To retrieve relevant information for our prompt, we can use vector search to find embeddings of movie plots that are similar to the prompt to discover the movie titles and their release year, and add that information in a rewritten prompt that we give to the LLM to generate the final output.
To perform the similarity search efficiently, there are special-purpose vector databases such as Pinecone, but there are also database extensions such as pgvector for Postgres, and libSQL's native vector search.
In a relational database, embeddings can be just columns as part of the data.

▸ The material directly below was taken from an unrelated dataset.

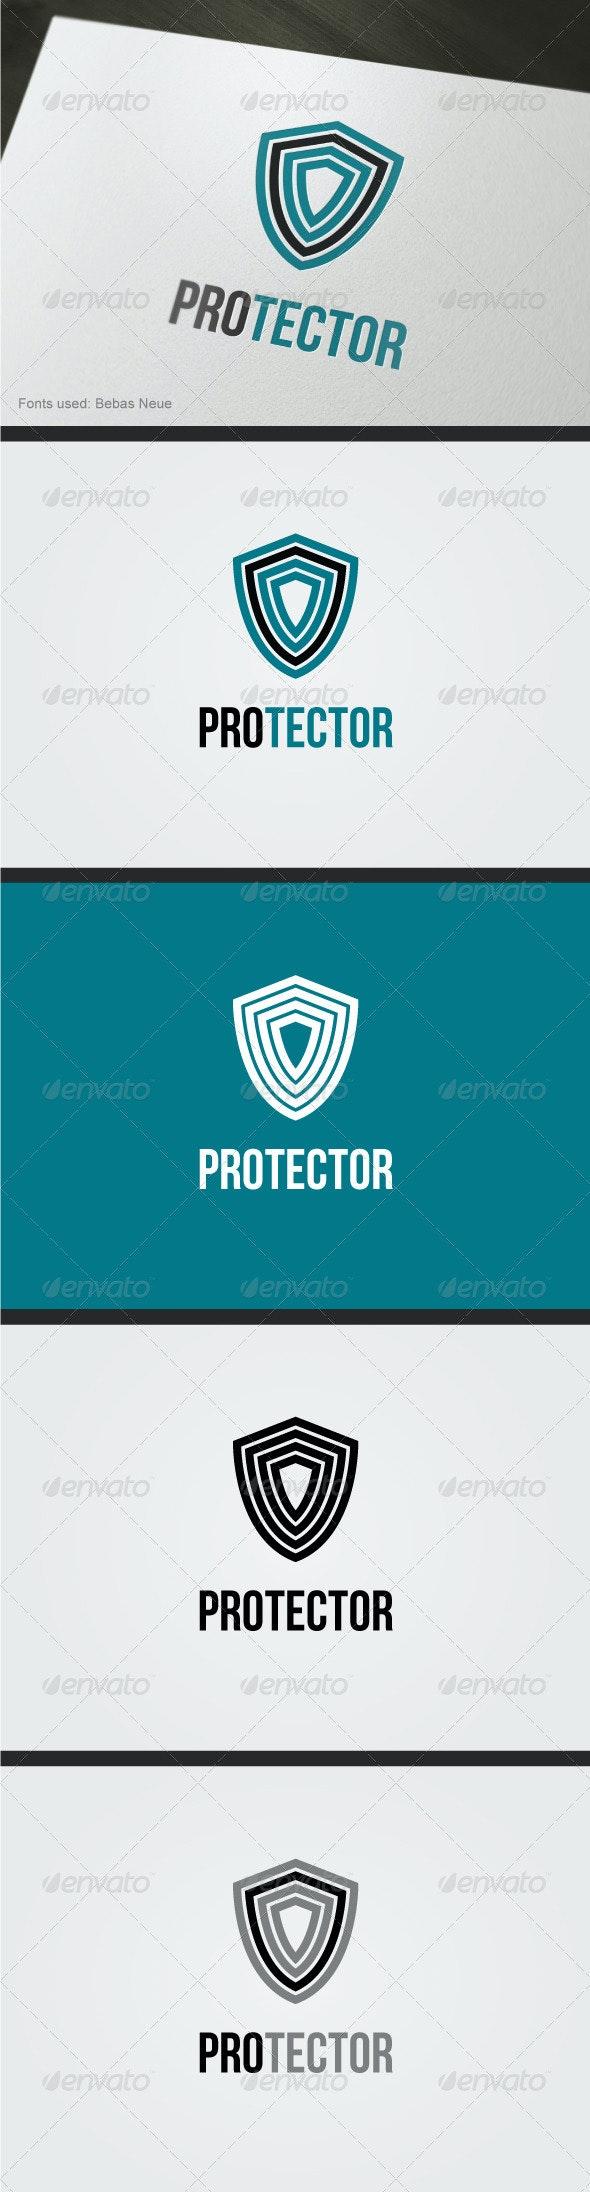 Protector Logo - Vector Abstract

We might have a table called movies
with movie title, release year, and embedding as columns:
CREATE TABLE movies (
title TEXT,
year INT,
embedding F32_BLOB(3)
);
If you have used SQLite before, the F32_BLOB(3)
column type probably looks a bit odd — However, SQLite column types are treated more as hints than anything, so this part requires no changes to SQLite, the embedding
column will essentially be a blob.
With a movies
table, to insert vector data into the table, we implemented a vector()
function, which takes a text representation of a vector and converts it into a binary representation for storing in the database. For example, adding all the Indiana Jones movies would look something like this:
INSERT INTO movies VALUES ('Raiders of the Lost Ark', 1981, vector('[3,4,5]'));
INSERT INTO movies VALUES ('Indiana Jones and the Temple of Doom', 1984, vector('[2,4,6]'));
INSERT INTO movies VALUES ('Indiana Jones and the Last Crusade', 1989, vector('[3,4,5]'));
INSERT INTO movies VALUES ('Indiana Jones and the Kingdom of the Crystal Skull', 2008, vector('[3,4,5]'));
INSERT INTO movies VALUES ('Indiana Jones and the Dial of Destiny', 2023, vector('[3,4,5]'));
As a final piece of the puzzle, we also implemented a vector_distance_cos()
function, which returns the cosine distance between two vectors. We can use the function with ORDER BY
and LIMIT
to return the exact top-k similar vectors as follows:
SELECT title, year FROM movies ORDER BY vector_distance_cos(embedding, vector('[5,6,7]')) LIMIT 3
The SQL query performs an exact nearest neighbor search, which returns vectors closest to each other. Although this approach works well with smaller data sets, it only scales to small amounts of embeddings. Every query has to traverse through all of them because the SQL query is a full table scan.
What we need to scale to a significant number of embeddings is an approximate nearest-neighbour search — we'll learn about that in the next installment.